A l’est du Var, le tourisme ne se limite pas à Nice (ce qui était le cas avant 1860) :

  • Grâce à la construction du chemin de fer et de la basse corniche, la poussée touristique se déclenche rapidement le long du littoral jusqu’à Menton. Beaulieu, qui en 1872 est un hameau de 224 habitants, possède trois hôtels en 1882.

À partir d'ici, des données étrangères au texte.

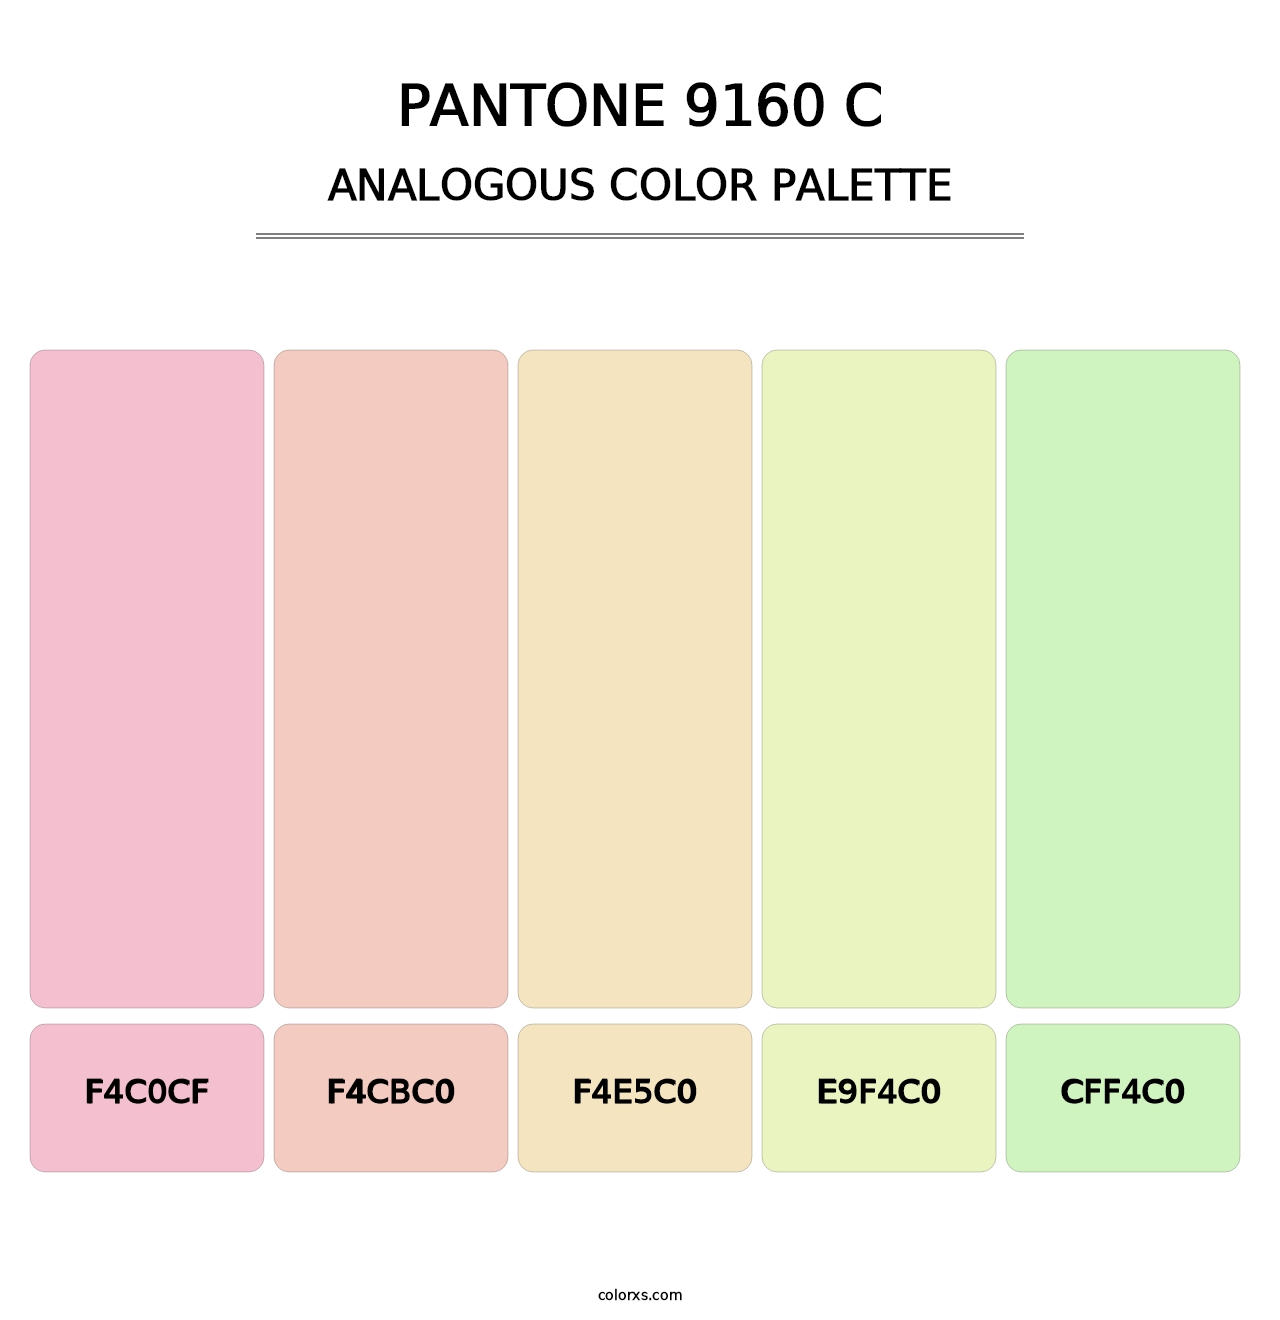 PANTONE 9160 C - Analogous Color Palette

Le tourisme est à l’origine d’une riche agriculture florale

  • Ce sont des non-Niçois qui ont créé cette richesse : les hivernants sont les premiers acheteurs et les premiers expéditeurs de fleurs.
  • En 1885, entre la fin des mois d’octobre et d’avril, 60 000 colis de fleurs sont expédiés par la gare de Nice.
     

Nice

  •  L’expansion hôtelière (nombre d’hôtels : 1862 : 35, 1900 : 130, 1914 : 200).
    • L’hôtellerie de luxe est un phénomène nouveau (auparavant, les gens fortunés descendaient dans des villas). Le personnel hôtelier travaille 14/15 h par jour et n’a pas de congés. Les pourboires constituent l’essentiel de sa rémunération.
    • Elle se fait d’abord sur les hauteurs. A partir de 1885, Cimiez se couvre de vastes hôtels (Riviera Palace, Excelsior Regina, Majestic…).
    • Au début du XXe siècle, des hôtels sont construits au bord de la Méditerranée. 1912 : Négresco, 1913 : Ruhl (1862 : premiers palmiers plantés sur la Promenade des Anglais).
  • Les casinos : le premier casino est ouvert en 1884 à l’est de la place Masséna sur la voûte du Paillon (dont la couverture est prolongée jusqu’à la mer). En 1891, ouverture d’un casino avançant sur la baie des Anges (jetée-promenade, architecture néo-mauresque). En 1883, un premier casino avait été détruit par un incendie la veille de son inauguration. En 1914, cinq casinos.
  • Les fêtes
    • 1868 - course de chevaux sur l’hippodrome de la Californie à l’embouchure du Var.
    • 1873 - réorganisation du carnaval en un spectacle discipliné avec thème central.
    • 1876 - première bataille de fleurs sur la promenade des Anglais.
    • 1897 - première course automobile Marseille-Nice.
    • 1914 - grand meeting d’aviation.

Antibes

  • La ville, dont les fortifications du XVIIe siècle sont démolies de 1894 à 1900, reste à l’écart du mouvement touristique (quelques centaines dhivernants en 1914).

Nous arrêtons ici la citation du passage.